After plotting the graphs, we can have a careful look at them. Several observations can be made, especially on the differences among continents:
Geneal Trend: First and most general observation is that the life expectancy in all continents have been increasing in the past years since 1952, likely because of development in technology that improved everyone’s life quality. Besides, in all continents apart from Oceania, which has too small a sample size of only two countries, the rate of increase in life expectancy is slowing down. This signifies to a degree a halt of significant development in life sciences and related technologies.

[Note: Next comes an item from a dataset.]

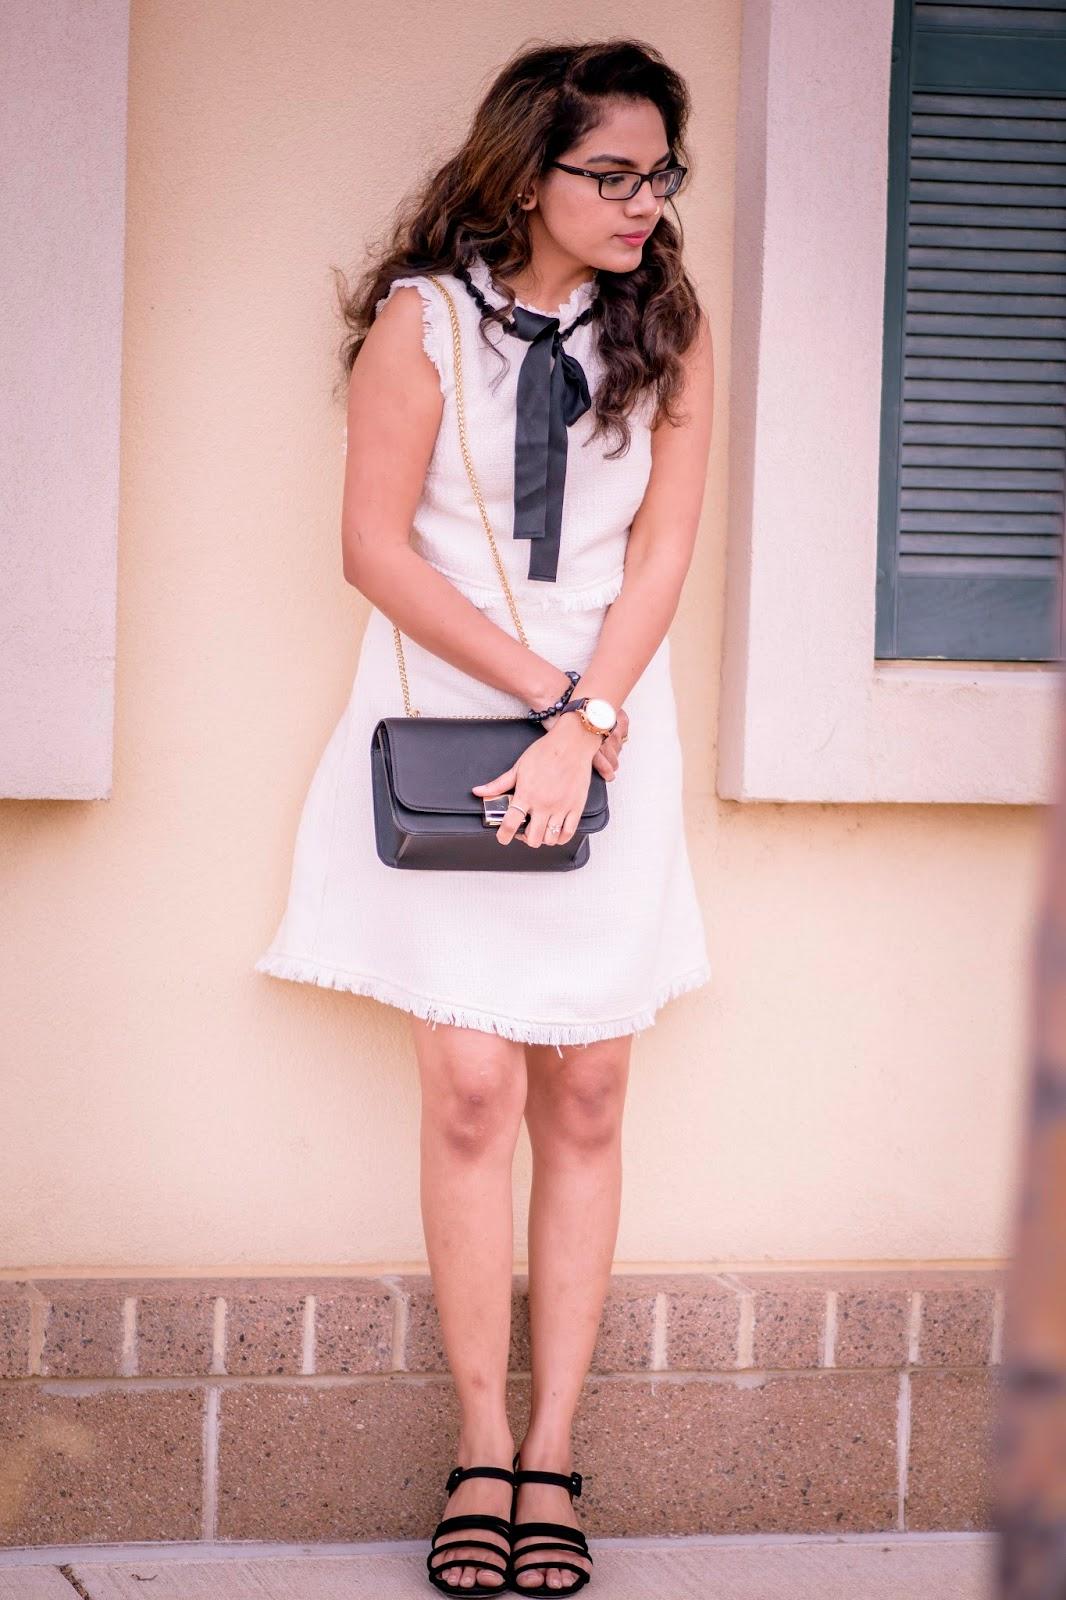 chanel-style-tweed-dress

By Continent: Going down to the continent level, Oceania has the highest life expectancy, followed closely by America and Europe, whereas Asia and Africa lie further behind. Such difference represents to a degree the difference in wealth level and average living standards among continents. Furthermore, interesting patterns can be observed in distribution of life expectancy of each country within each continent. Oceania has only two countries and their life expectancy are rather similar. In Europe, most countries have rather long and similar life expectancies, apart from one outlier which was extraordinarily low from 1950 to 1990 but caught up since then. This suggests that most countries in Europe are quite well developed, perhaps apart one which only caught up after 1990. On the other hand, Africa, America and Asia have much wider distribution in life expectancy by country, showing that the level of wealthiness and development in these continents are more differentiated.